Google Authorship Beyond Webpages

In last month’s post about authorship, I shared that Google has been experimenting with inferring authorship for PDF documents in addition to webpages. This piqued my curiosity to see if any other indexable filetypes could also have inferred authorship.

Microsoft Office Files

PowerPoint files appear to infer authorship similar to PDFs and webpages, looking for the term “by” followed by the author’s name.

ppt-author-text-only

To generate the authorship snippet on an Excel file, I had to add “by Janet Driscoll Miller” to a tab in the workbook, and Google uses the tab name as the title of the page. Having a byline appear only in a cell of the worksheet wasn’t enough to generate the snippet.

excel-author-tab

 

The most interesting case, though, was with Word documents. Using an old whitepaper I had, I did some testing with the byline again. In one version where I removed the byline, the author snippet was still showing, even though I had removed the words “by Janet Driscoll Miller” and I had no other byline in the document.

word-author-meta-only

 

After combing through the document, I found that there was a paragraph at the end of the paper that could be the culprit.

about-the-author

Although there was no traditional byline, it appeared that this paragraph at the end of the document did help Google identify me as the author. To test this, I tried a version with the “About the Author” paragraph removed.
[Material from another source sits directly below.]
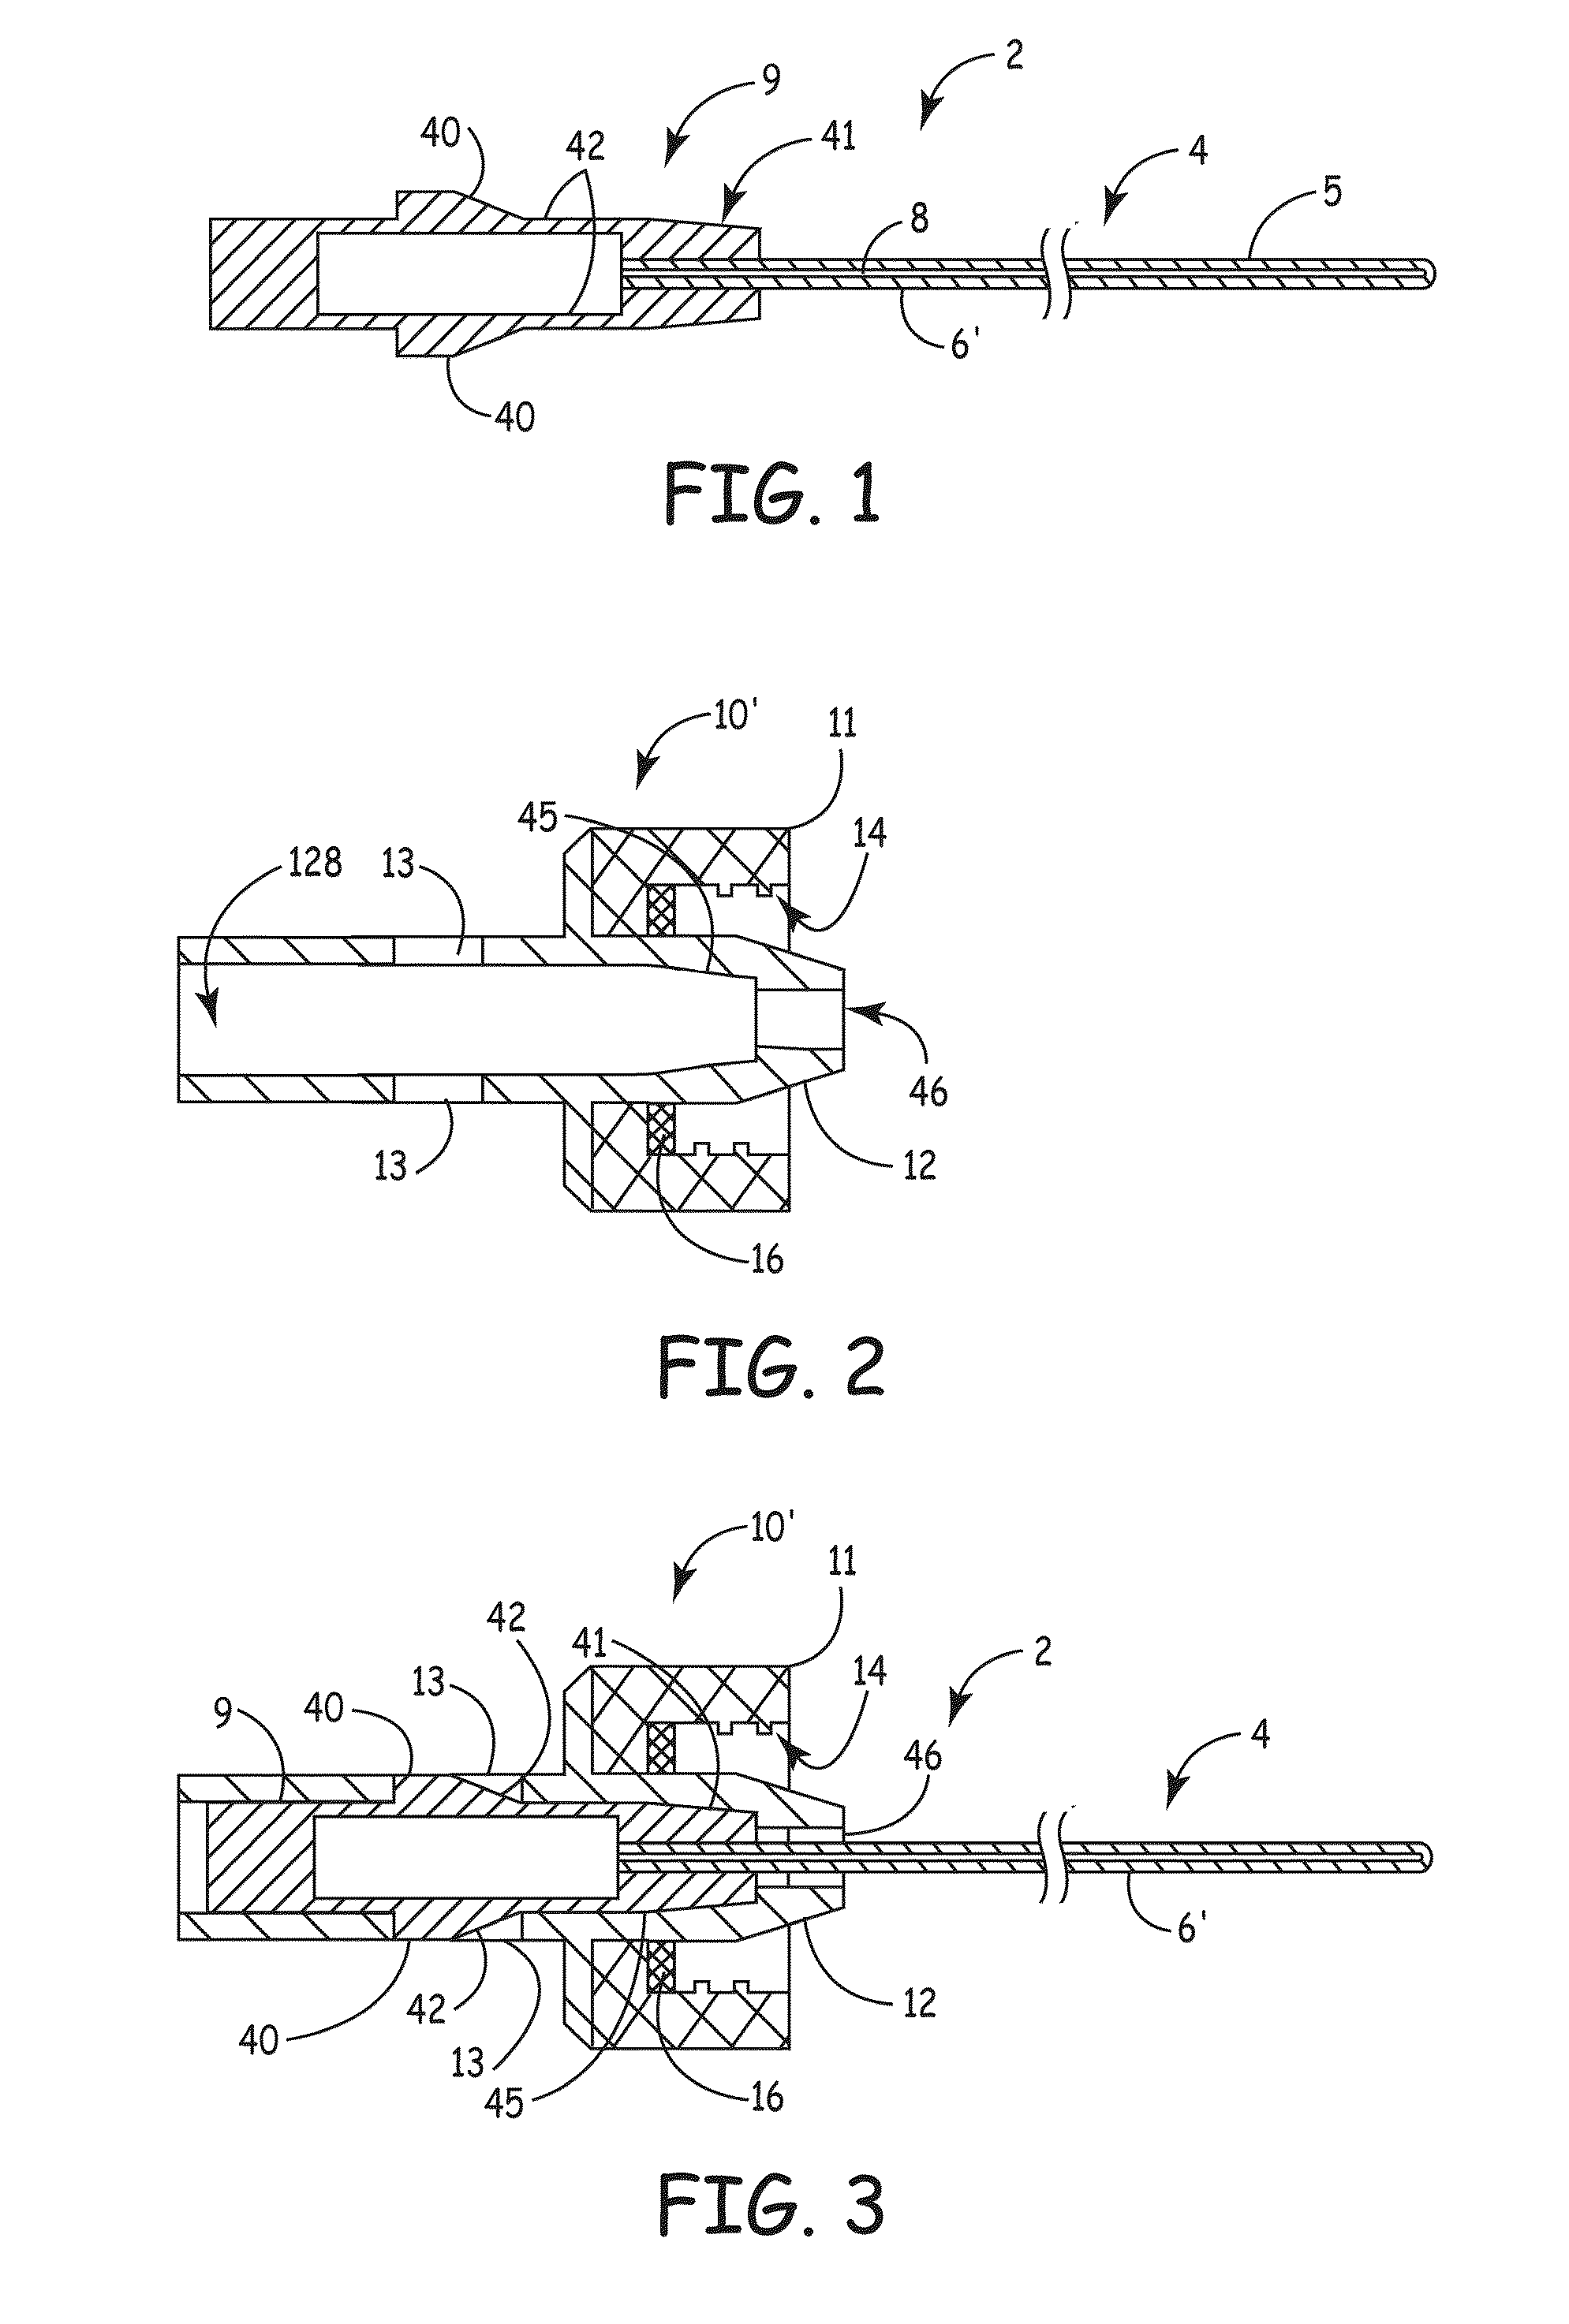 Apparatus for delivery of device and antimicrobial agent into trans-dermal catheter

word-author-meta-only-no-subhead

 No author snippet. What this demonstrates to me is that, while traditional bylines are the most common way for Google to infer authorship, the search engine is increasingly able to do so based on context (to some degree).

Other Types Of Text-Based Files

Since Google can read text in other types of text-based files, would it be able to infer authorship within these documents? I tested rich text format (.rtf) and text format (.txt) files. Interestingly, author snippets only showed for rich text format documents and, as with the Word document with the “About the Author” section, authorship was inferred by more than just a byline.

rtf-author

Interestingly, regular text files did not generate any form of author snippet.

txt-author

Image Files

While Google can’t read text in a JPG file or other types of image files, it can index certain types of vector graphic files, such as SVG and postscript files. Could Google infer authorship from text within these files? As you can see, Google showed authorship when a byline was included in the SVG file in its text.

svg-author

However, I couldn’t get an authorship snippet to display when I saved the same file as a postscript file.

Google Docs

Considering they are tied to your Google ID, it would seem sensible for Google Docs to show authorship if those documents are open for Web sharing. While I had trouble generating my own snippet to show, I was able to find one example of authorship showing for a presentation.
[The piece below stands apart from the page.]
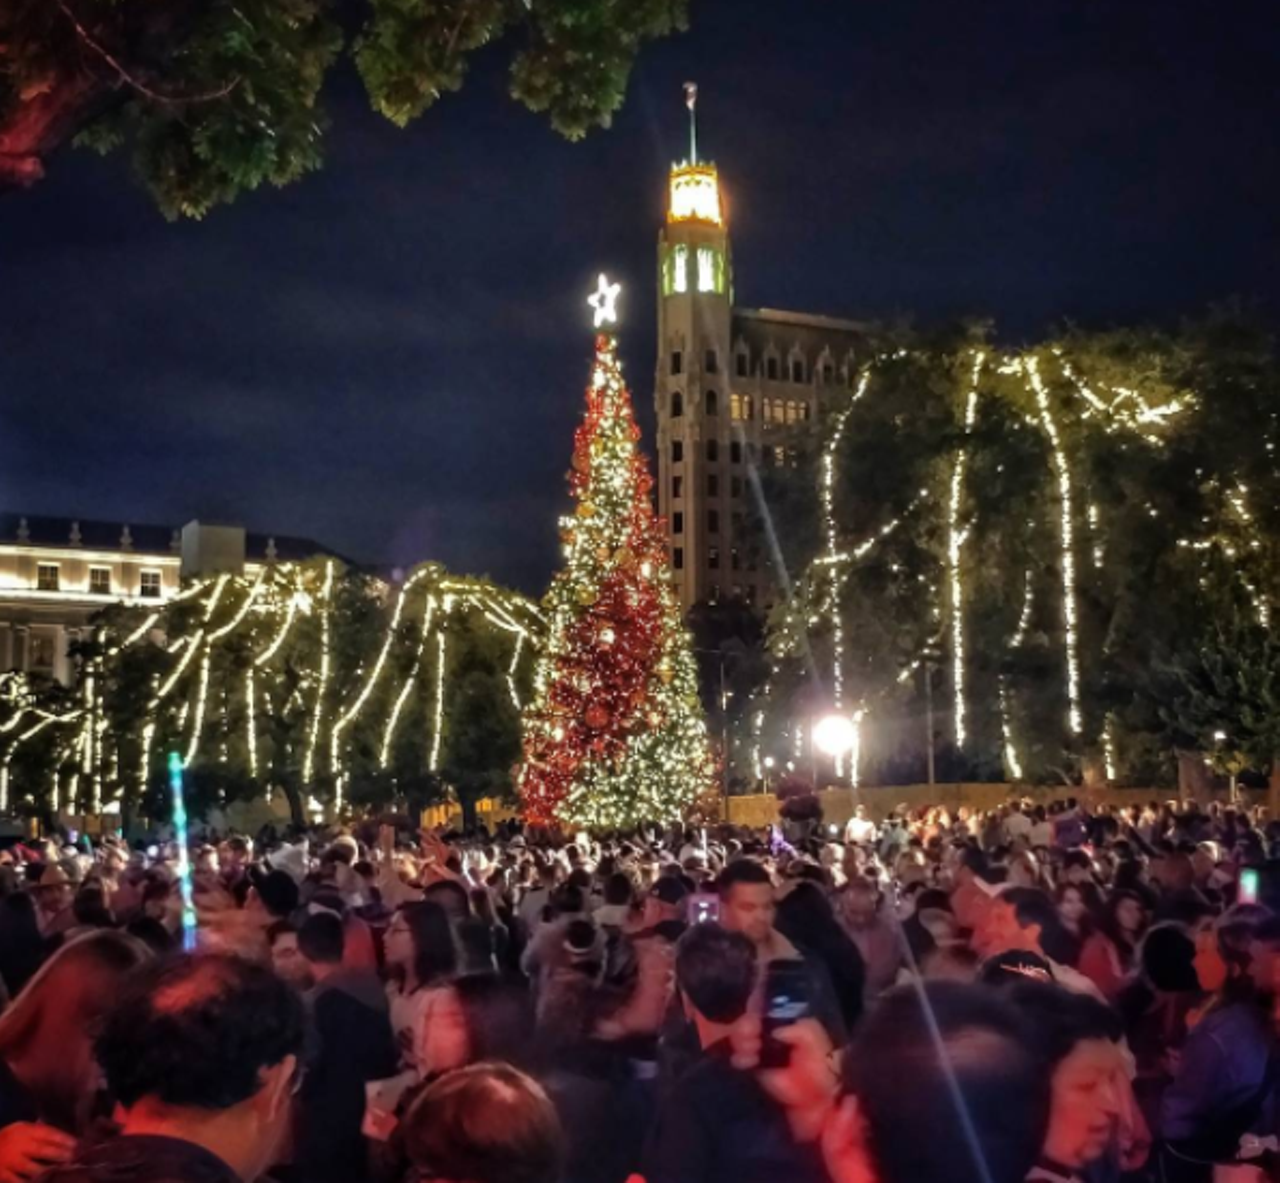 Alamo Plaza
Whether it's annual tradition or something totally new to you, be sure to make the trip downtown to check out the lights. You'll be glad you did.
Photo via Instagram,  vtchevalier

google-docs-presentation-author

Google Books

In my estimation, a natural fit for authorship would be actual books listed in Google Books — however, it doesn’t appear that the authorship snippet has been applied to Google Book listings yet.

book authorship

These listings came from a search for content on the Google Books site; but, Web search didn’t yield an author snippet, either.

Over the next month, I’ll continue to work on author testing to see what other goodies I can find!